Frost able to draw some shock insights from famous figures

By Sylvia Hui

Veteran British broadcaster David Frost, who died on Sunday aged 74, sat down with many big names over half a century. Here are some highlights.

Richard Nixon, 1977
Over almost 30 hours of interviews with Nixon, who resigned three years earlier in disgrace over the Watergate scandal, Frost pressed the ex-President to acknowledge and apologise for his wrongdoing in office. Frost managed to get the following remarkable responses.
Frost: "I think people need to hear it, and I think unless you say it, you're going to be haunted for the rest of your life."
Nixon: "I let down my friends. I let down the country.
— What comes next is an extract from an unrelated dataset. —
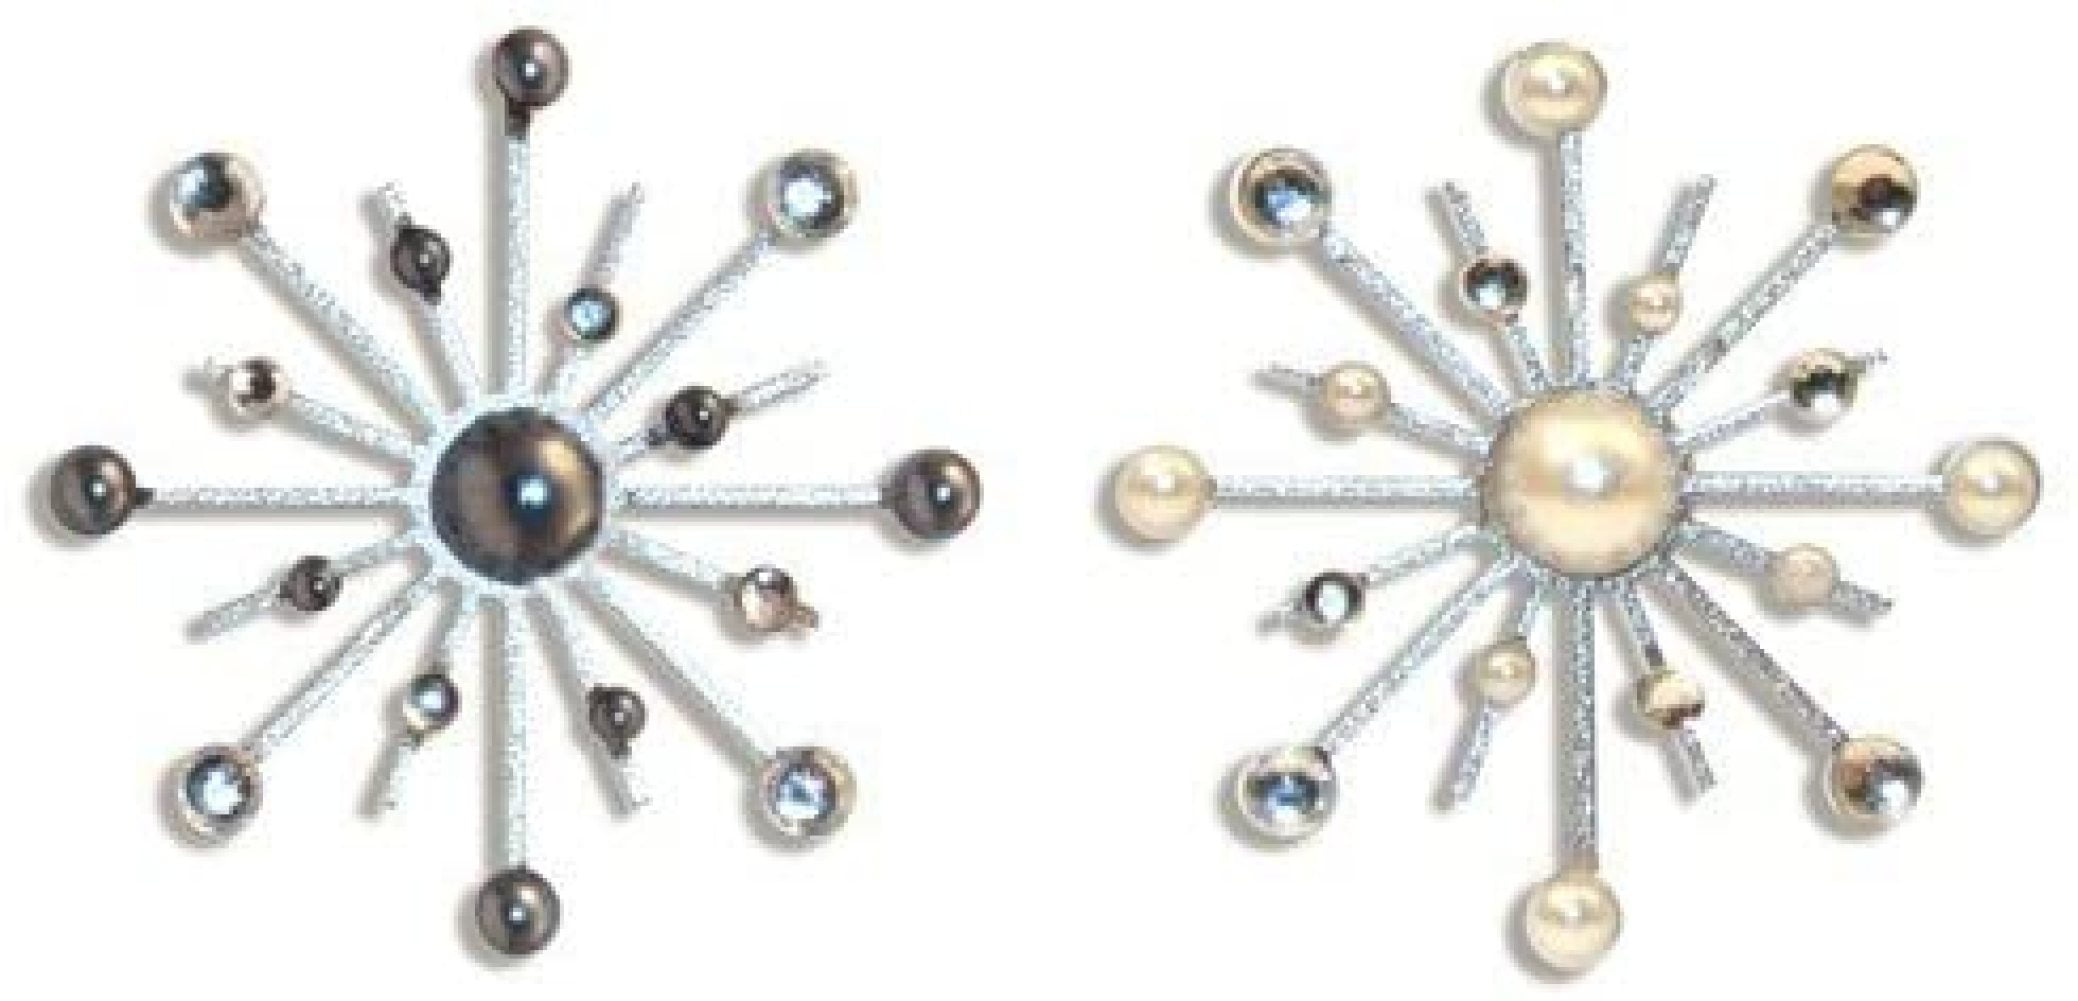 6 Mirrors and Jewels Karen Foster Design Sparkle Burst Brads Embellishments

I let down our system of government and the dreams of all those young people that ought to get into government but will think it is all too corrupt and the rest ... And I have to carry that burden with me for the rest of my life."
Frost: "So what you are saying is that there are certain situations ... where the President can decide that it's in the best interest of the nation or something, and do something illegal?"
Nixon: "Well, when the President does it that means that it is not illegal."
Frost: "By definition?"
Nixon: "Exactly."

Muhammad Ali, 1974
Frost interviewed the legendary heavyweight boxer, then 32, inside a boxing ring, ahead of his landmark fight with George Foreman, when most people wrongly thought Ali would lose. But Ali was animated and brimming with confidence in the interview.
Ali: "I think it is befitting that I go out of boxing just like I came in, defeating a big, bad monster that nobody could destroy ... Listen, David, when I meet this man, if you think the world was surprised when Nixon resigned, wait till I whip Foreman's behind."
The boxer continued, partly talking directly to the camera: "Listen, George Foreman, people are afraid of George Foreman. They talk about how hard he hits. The world has been deceived. You listen to me. You listen to me now, I never told you wrong. The man don't hit hard."

Margaret Thatcher, 1985
Frost grilled the former British Prime Minister about the sinking of the Argentine ship Belgrano by a British submarine that killed 323 sailors during the Falklands conflict. After being confronted with a barrage of questions, Thatcher finally said in frustration: "Do you think, Mr Frost, that I spend my days prowling round the pigeonholes of the Ministry of Defence to look at the chart of each and every ship? If you do, you must be bonkers."

Mikhail Gorbachev, 1993
Frost asked the former Soviet Union leader about communism, his legacy, and his views of Thatcher.
Gorbachev: "It was not too easy to begin with ... but I felt from the start I could deal with her. I regarded her as an outstanding woman and a major political force. I was far from sharing all her opinions. ... Many sharp words were exchanged. I could never agree to the way she felt about nuclear weapons. She was too attracted to nuclear weapons."
Frost: "Were you alike in character, do you think?"
Gorbachev after a pause and a shrug: "That's difficult to answer. I think it's up to you to try to answer that. But she was an interesting human being."

Tony Blair, 2002
Frost posed an unexpected question about the former British Prime Minister's relationship with ex-President George W. Bush.
Frost: "Do you pray together?"
Blair: "Pray together? How do you mean?"
Frost: "Do you say prayers together for peace, you and the President."
Blair: "Well we don't say prayers together, no, but I'm sure he in his way hopes for peace. I hope for peace too."

Bill Clinton
In an undated clip shown by the BBC yesterday, Frost asked the former US President about his relationship with Monica Lewinsky.
Frost: "Did you love her?"
Clinton: "No. I don't think that's what that was about. On either side. But I liked her very much."